Визуально город представлен информантами как пространство, в котором ничего не меняется: «Город как город, таких много в Карелии, да и по всей России» (Мужчина, 32 года); «А у нас тут ничего никогда не происходит» (Андрей, 17 лет). Информанты отмечают скучную жизнь в городе: «Живем тихо и очень скучно» (Сергей, 34 года). В дневниках Ю. М. Нагибина есть такая фраза: «Видели скучную Кондопогу» [2].

Кондопожцы обладают своими ментальными характеристиками: «Народ тихий. Спокойный, северный» (Мужчина, 45 лет); «регион северный, люди, может, и суровые, но тихие» (Женщина, около 45 лет). Отдаленность от центра обуславливает ощущение «замедленности» и «заторможенности» в замкнутом пространстве: «Народ тут в республике замороженный» (Мужчина, около 40 лет). Эти же особенности характера жителей города отмечают приезжие люди: «Да тут все замороженные» (Мужчина, 27 – 30 лет).

Акустическое восприятие города связано с покоем и тишиной: «Тише воды, ниже травы, самый спокойный городок в стране» (Мужчина, 40 лет); «Городок у нас маленький, тихий, спокойный, до боли спокойный» (Юрий, 38 лет).

Образ города Кондопоги в сознании «чужих» людей представлен по-разному: для одних он актуализуется с отрицательным знаком как «провинция» Кондопога – провинция, довольно развитая для своих размеров» [3]), «захолустье» («Сама родом из такого же захолустья»), «большая деревня» [4], «убогий городишко» («Судя по фотографиям, городишко – убогий и скучный, делать там особо нечего…» [5]), а для других – с положительным: «Пресловутая Кондопога, <…> имеющая задатки маленького центра…» [6].

Жители Петрозаводска Кондопогу представляют по-разному: «Существует две Кондопоги: одна ассоциируется с бумагоделательным производством, она какая-то провинциально-промышленная, а другая – более уравновешенная, это берег Онежского озера и Успенская церковь» [6]. Для Главы Карелии С.Л. Катанандова Кондопога ассоциируется «с бумажным комбинатом и его замечательным директором В. А. Федермессером, с известной во всем мире кондопожской бумагой» [7]. Кондопога – это «индустриальный форпост, воздвигнутый среди живописных лесов и озер» [8,с.286].

Студентка ПетрГУ считает, что в Кондопоге находится кондитерская фабрика, выпускающая известные конфеты: «Какой же все-таки у вас чудесный город, какие вкусные конфеты делают!

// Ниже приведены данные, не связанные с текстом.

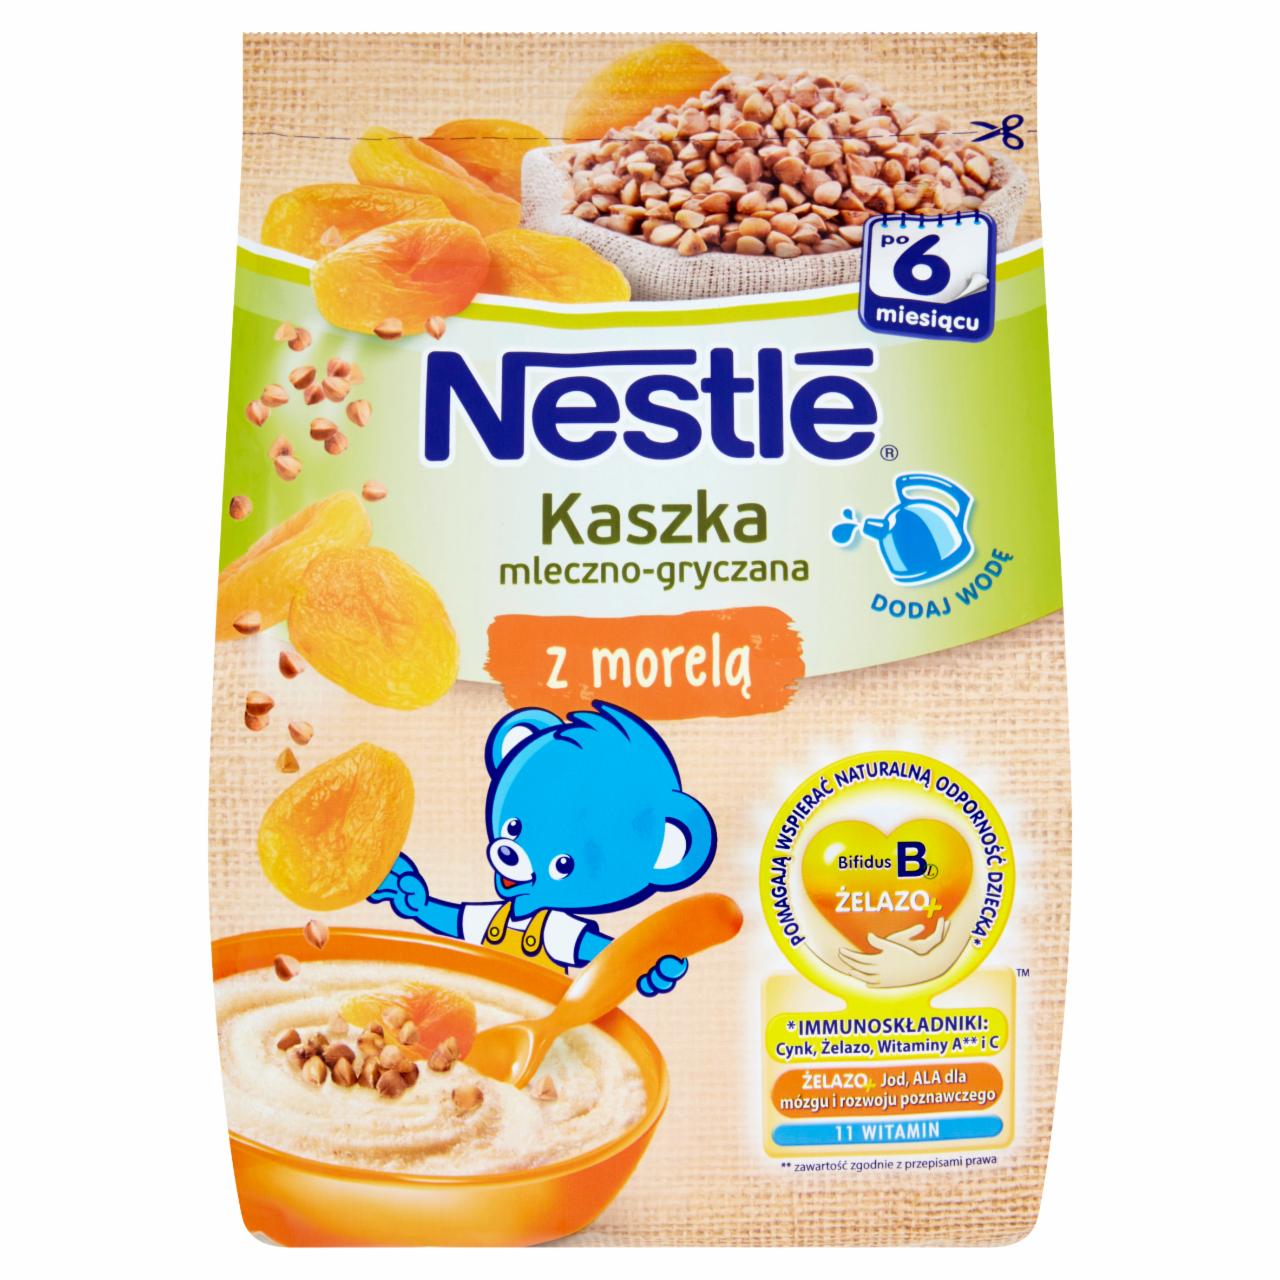 Zdjęcia - Nestlé Kaszka mleczno-gryczana z morelą po 6 miesiącu 180 g

Покупаю свои любимые – «Белочку» или там «Мишку на севере», а там на всех фантиках – «Конд. фабрика». Хороший у вас город!» [9].

По сравнению с другими карельскими провинциальными городами, по мнению жителей, в Кондопоге жизнь лучше: «Наш город светлый. По сравнению с Медвежьегорском, где я работала и жила» [10]; «По сравнению с какой-нибудь Сегежей – рай неземной» [3].

По-разному население сопоставляет Кондопогу со столицей Карелии – Петрозаводском: «Живем лучше. По крайней мере с Петрозаводском (А. Кострикин, милиционер) [11]; «По сравнению с Петрозаводском наш город – такая дыра. Делать нечего» (Ольга, 32 года). В оппозиции Кондопога находится и с Москвой: «По сравнению с Москвой – нищий…» (Женщина, 30 лет).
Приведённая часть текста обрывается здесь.